Unforgivable Acts of Vandalism Make London Cry

It appears that the excitement of the Olympics coupled with the summer holidays has driven the people of London to deface their surroundings. The previously clean and unvandalised city has seen a spate of malicious attacks upon its streets in recent days. It all began in Leyton, East London, when the borough of Waltham Forest’s attempt to spruce up the High Street ended in pastel-hued disaster. One local resident, Shekhar Bhatia, was livid about the changes, comparing the new aspect of his local High Street to over priced, ponce-riddled, twat factory Notting Hill. It is his fervent hope that after the Olympics the out of character paint will be removed and the High Street’s familiar smell of urine will be returned.

The people of Uxbridge suffered a similar fate when they awoke one day to find that someone had planted a large number of unwanted trees on their doorstep. The unwelcome flora was dumped on the area’s RAF site, provoking concern by Uxbridge residents about how they are to defend themselves against a possible attack by their enemies Ruislip, Denham and West Drayton

One of the smirking, tree dumping miscreants yesterday

Primrose Hill has seen its fair share of inappropriate behaviour over the years, but a wonton scribbler scrawling lyrics penned by past-it rock mockneys Blur on its public paths has to be among the worst.

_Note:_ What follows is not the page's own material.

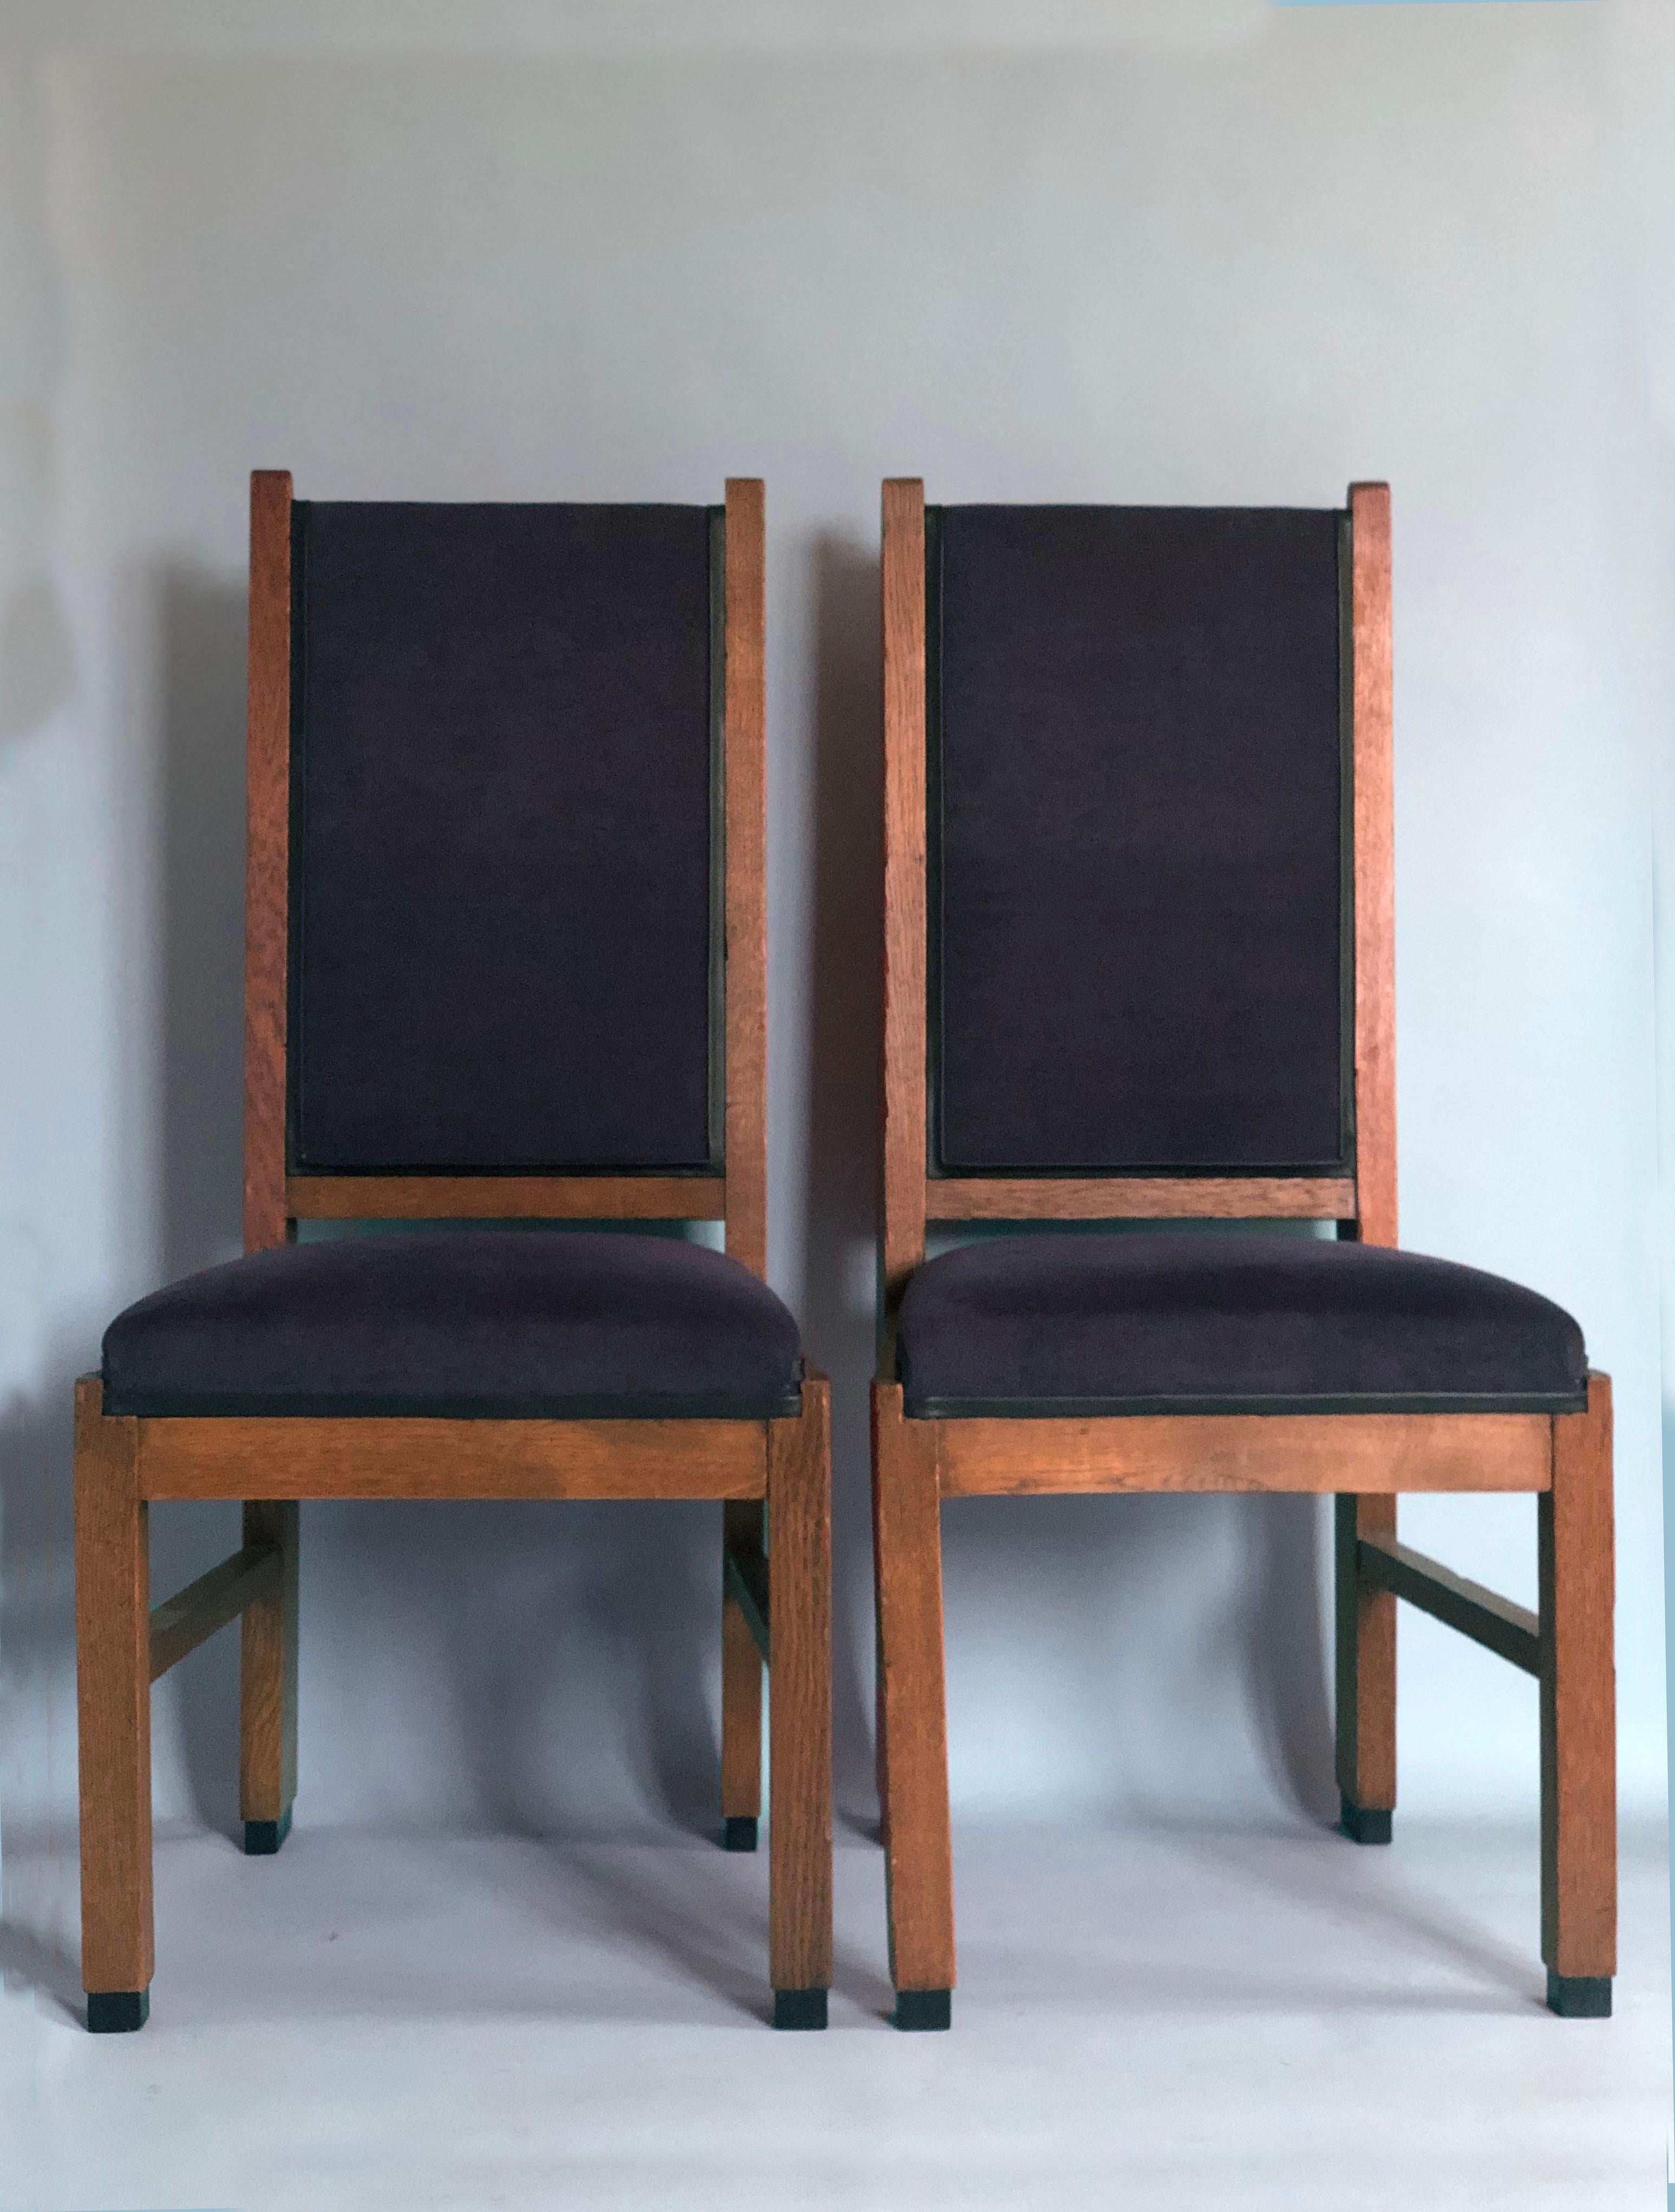 Art Deco Haagse School Dining Chair Frits Spanjaard 1930s Set of 2 In Good Condition For Sale In Bjuråker, SE
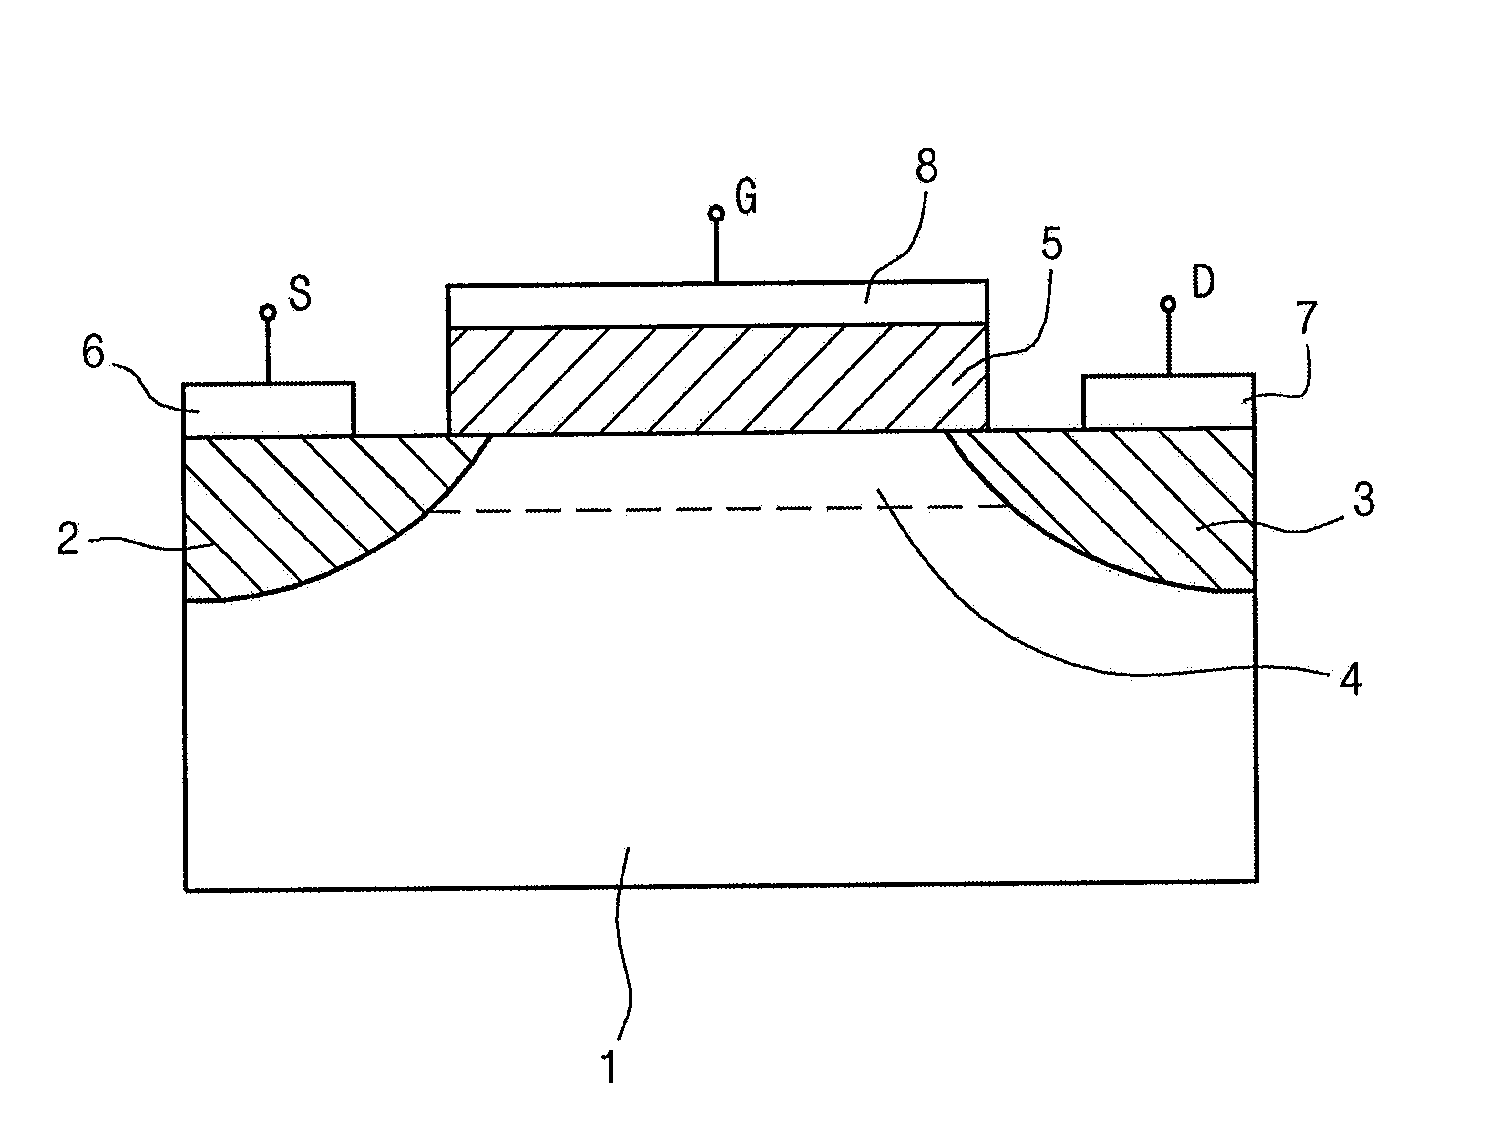 Ferroelectric material and method of forming ferroelectric layer using the same

The Royal Parks officials had the heinous daubings removed only for them to reappear in the same place shortly afterwards. A plaque has been placed at the hill’s summit inscribed with the words of the romantic poet, William Blake. This has proved unpopular, however, as no one really likes poetry, so the emotive, visceral thoughts of the great late 90s band Five are to be immortalised there early next month.

And even the Olympic park is not safe from vandals, it seems. There have been reports that pupils from Burntwood School in Earlesfield broke into the Olympic Village and put crappy pictures all over the walls. Olympic officials were said to be initially displeased with the prank, but admitted that they should have seen it coming, as the people of Earlesfield are notorious for their sense of humour

Ryan Giggs sees the funny side of Burntwood School's prank yesterday

Even respected designers have been getting in on the London defacement act. Philip Treacy, well known for designing designs, has been going around the capital putting disrespectful hats on statues of famous figures, including Lord Nelson himself. If you ask me shooting’s too good for him.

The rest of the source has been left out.